五輪に5人制「手打ち野球」?新競技を世界に普及

5人制野球の会場イメージ

 世界野球ソフトボール連盟(WBSC)はスイス・ローザンヌで1日、ベースボール型の新競技として5人制の「ベースボール5」のルールを発表した。2024年のパリ五輪に野球を残すため、バットを使わず、投手もいない「手打ち野球」のような新競技でベースボール型競技の魅力を欧州に伝える。球場や道具が必要ないため都市部での開催が可能で、バスケットボールの3on3のように、若者に向けた普及を目指す。

 20年の東京オリンピック(五輪)後も、野球を24年のパリ五輪に残す。WBSCの強い決意が、ベースボール5に込められた。「ハンドベース」あるいは「手打ち野球」と呼ばれた懐かしい遊びに似た新競技は、野球の弱点を消したもの。パリ五輪までに世界へベースボール型競技の魅力を伝えるとともに、将来的には5人制自体も五輪競技への採用を目指す。

 野球は、国際オリンピック委員会が本拠地を置き、五輪採用の鍵を握る欧州で著しく認知度が低い。まずはベースボール型の普及が、五輪参加には不可欠だ。「ベースボール5」は、自分でトスした球を手で打つため、バットが必要ない。柔らかいゴムボールを使うため、グラブも必要ない。野球は道具に多額の費用が必要。その点が途上国を含めた世界的普及の妨げになるが、この新競技には心配がない。塁間13メートルの内野があればOKで、立派な球場を建造しなくても可能だ。

 打球は内野でワンバウンドさせる必要があるルールのため、本塁打はない。投手はいないが、内野は5人制。野球同様、打者走者は打った後に一塁に向かい、送球される前に一塁を踏めば出塁できる。ただし、野球のように一塁の駆け抜けは不可。バッターボックスは本塁の後ろ側だ。5イニング制と試合時間は短く、野球が五輪採用時に問題視されたテレビ放送にも適している。

 WBSCは「若者向け、都市型」を強調している。バスケットボールが少人数の3on3で若者に人気を博したように「どこでも、手軽に」できれば、欧州でも人気を博す可能性はある。本来15人制だったラグビーも、7人制となることで16年リオデジャネイロ五輪に採用された。

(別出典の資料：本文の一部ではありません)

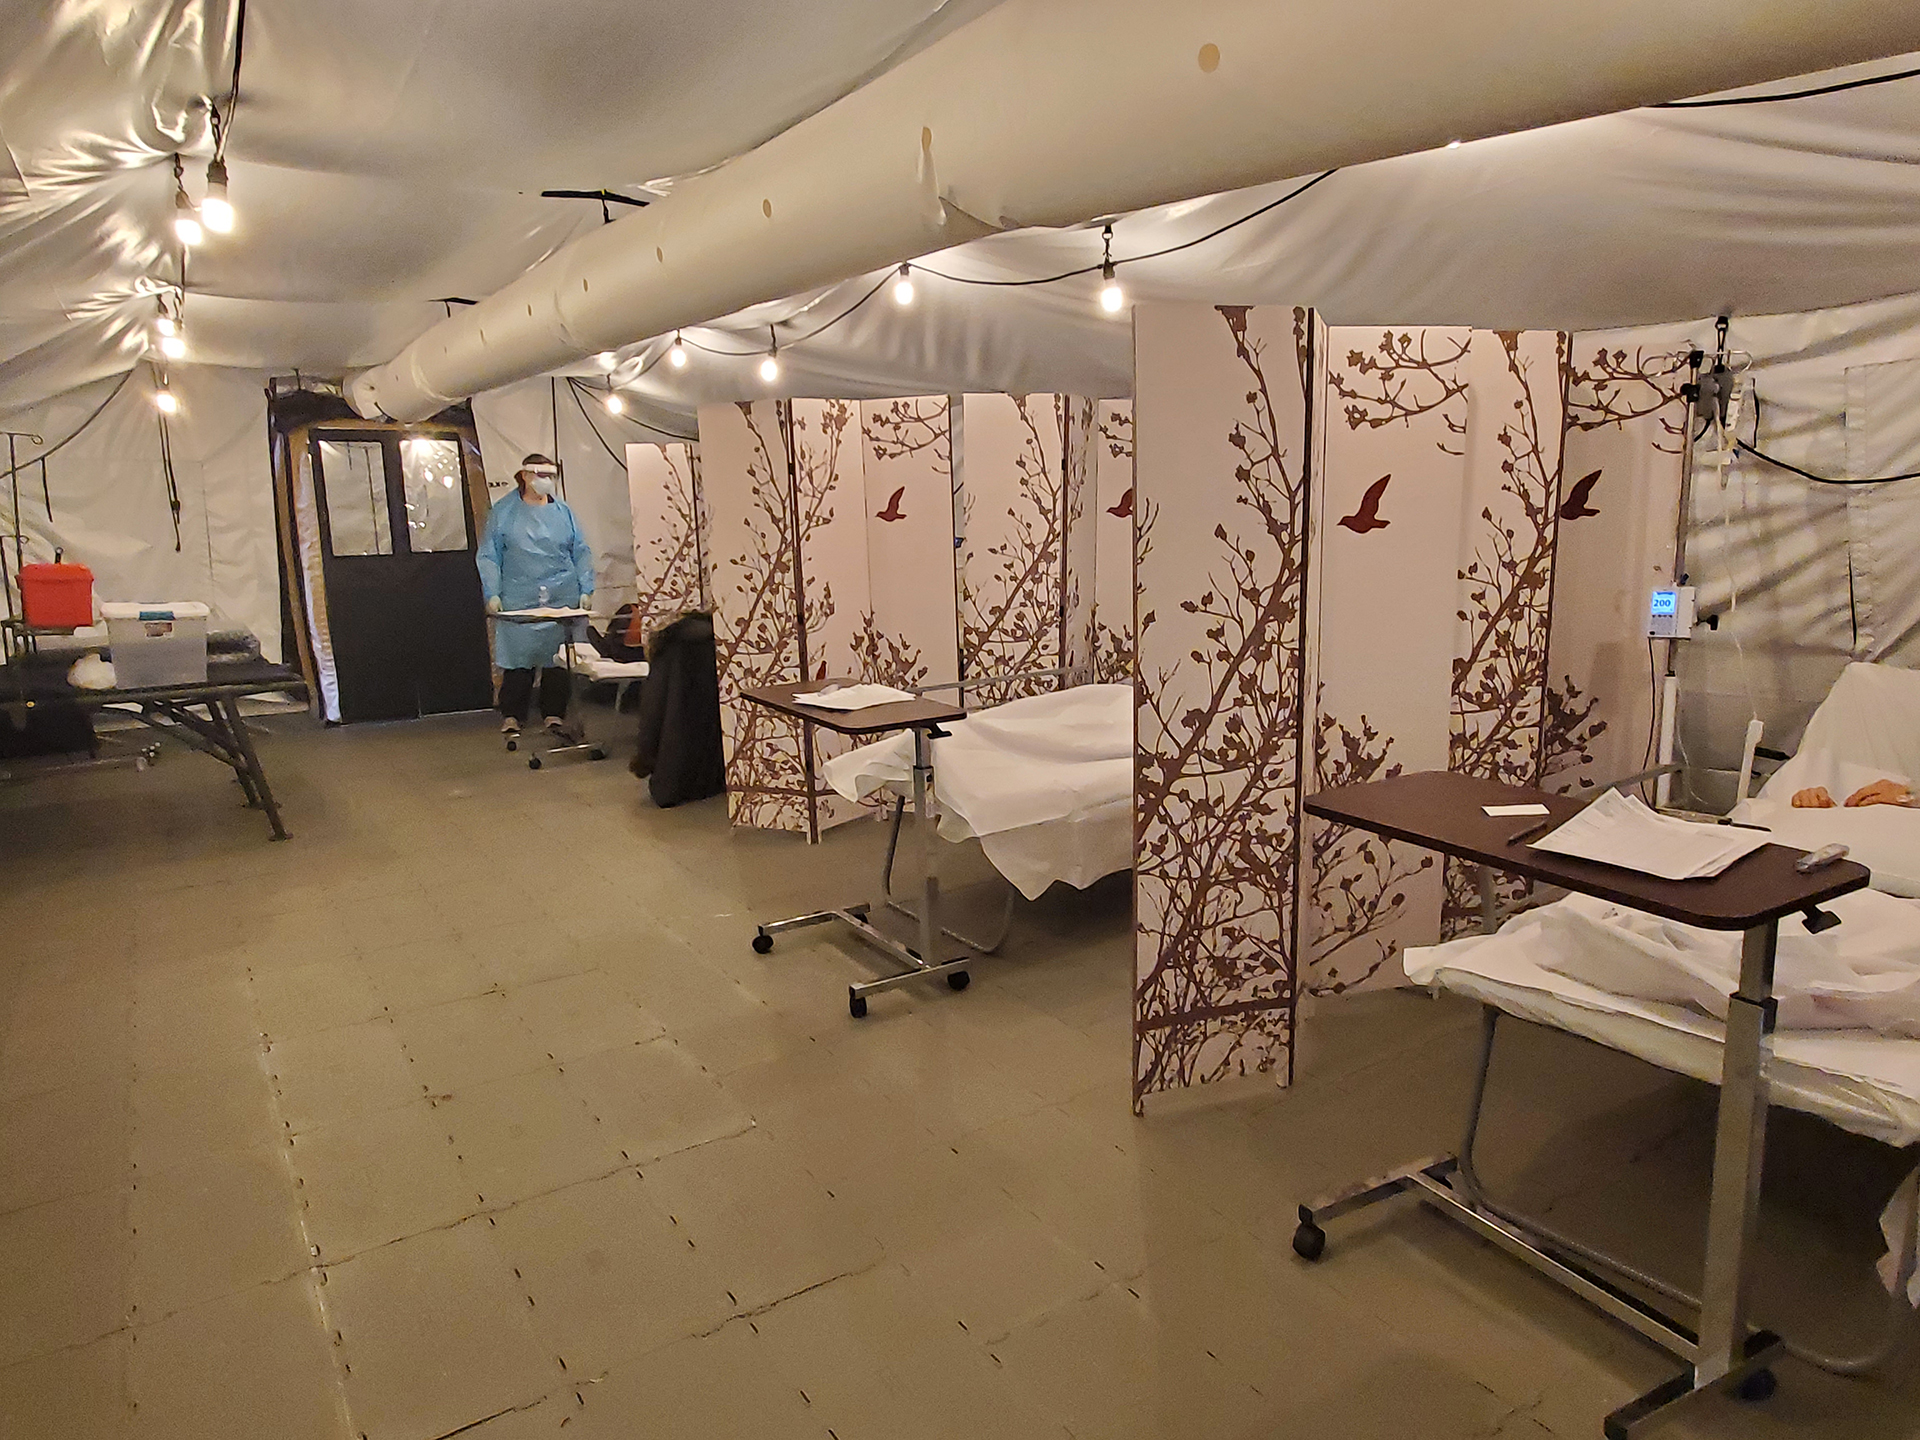 Inside the Emergency Medical Field Unit at Weiss Memorial Hospital in Chicago, Illinois.
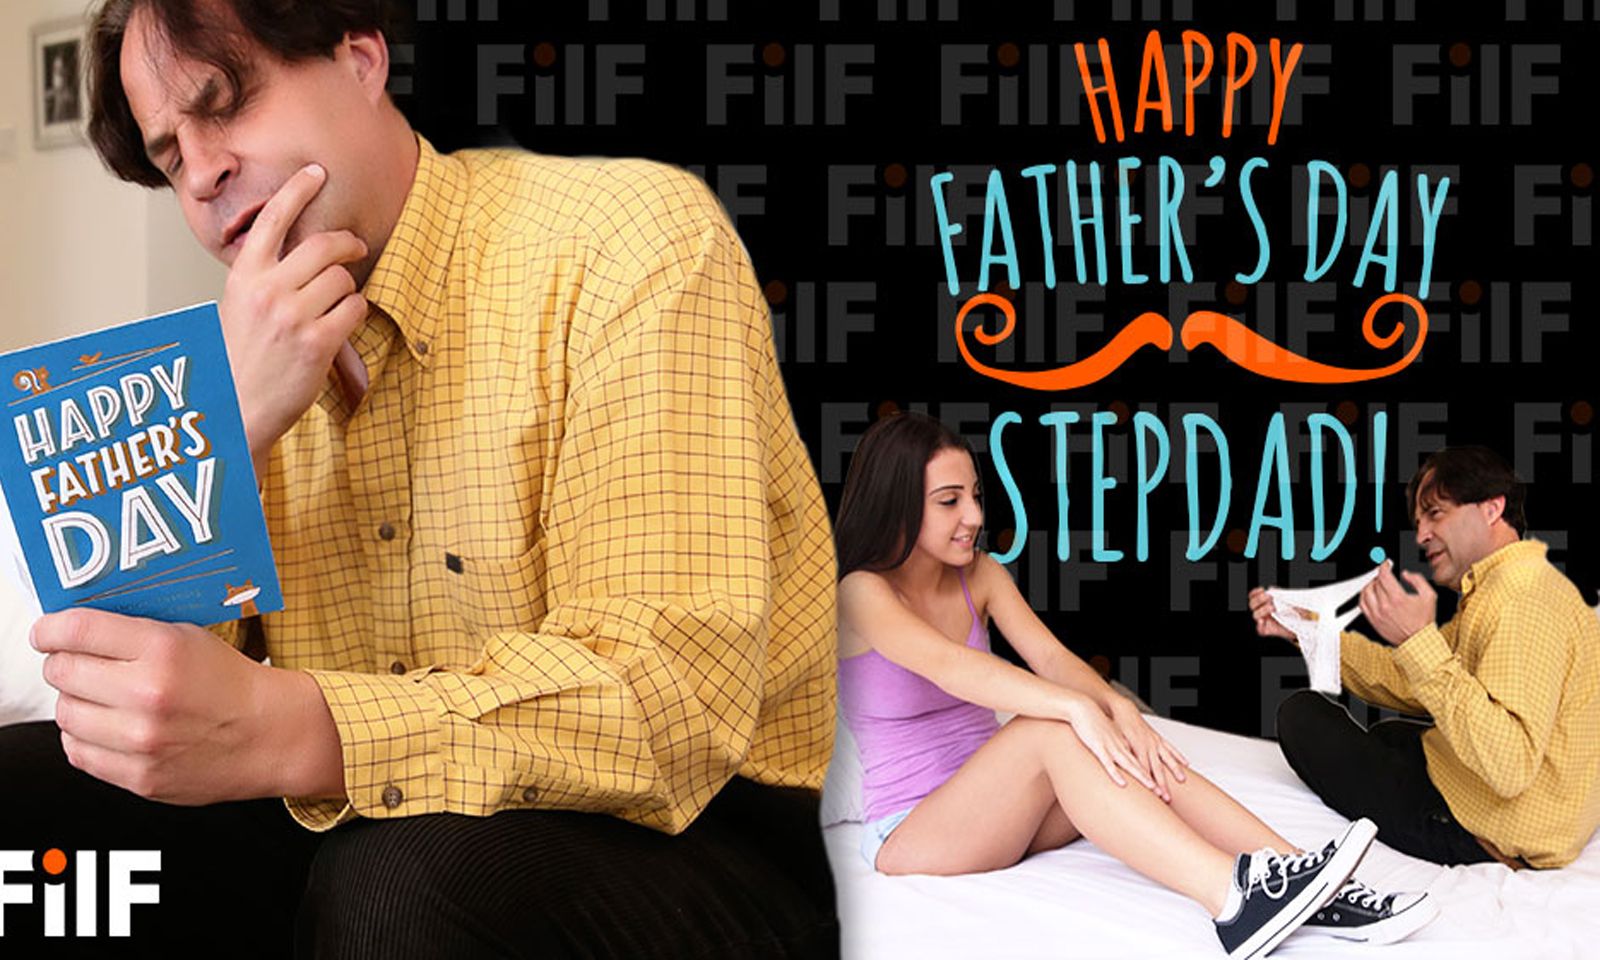 FILF.com Gives Dads an Unforgettable Father’s Gift

 今回の発表についてリカルド・フラッカリ会長は「野球やソフトボールを現代の主要な世界スポーツだけでなく、若者にアピールし、長期的なオリンピックスポーツに発展させる」と話した。ベースボール型競技の普及目標は、今後10年で10億人。5人制が起爆剤となるか。【斎藤直樹】

 ◆20年東京五輪の追加種目 国際オリンピック委員会(IOC)は14年、開催都市に複数の追加種目を提案できる権利を与えた。東京五輪は、この制度が導入された初の大会。33の国際競技連盟のうち26が応募した。審査を経て組織委は15年9月、国内で人気がある伝統競技と、若者へのアピール度が高い競技を選定した。野球・ソフトボール、空手、スケートボード(ローラースポーツ)、スポーツクライミング、サーフィンの5競技が決まった。

 ◆2024年パリ五輪 IOCは17年9月13日、ペルーのリマで総会を開き、24年夏季五輪の開催都市をパリ、28年大会はロサンゼルスとすることを正式に決めた。2大会同時決定は五輪招致の深刻な冷え込みを受けた異例の措置だった。パリは100年ぶり、ロスは44年ぶりで、ともにロンドンと並ぶ最多3度目の開催になる。パリはエッフェル塔周辺やシャンゼリゼ通りなどの観光名所が競技会場となる計画が特徴的。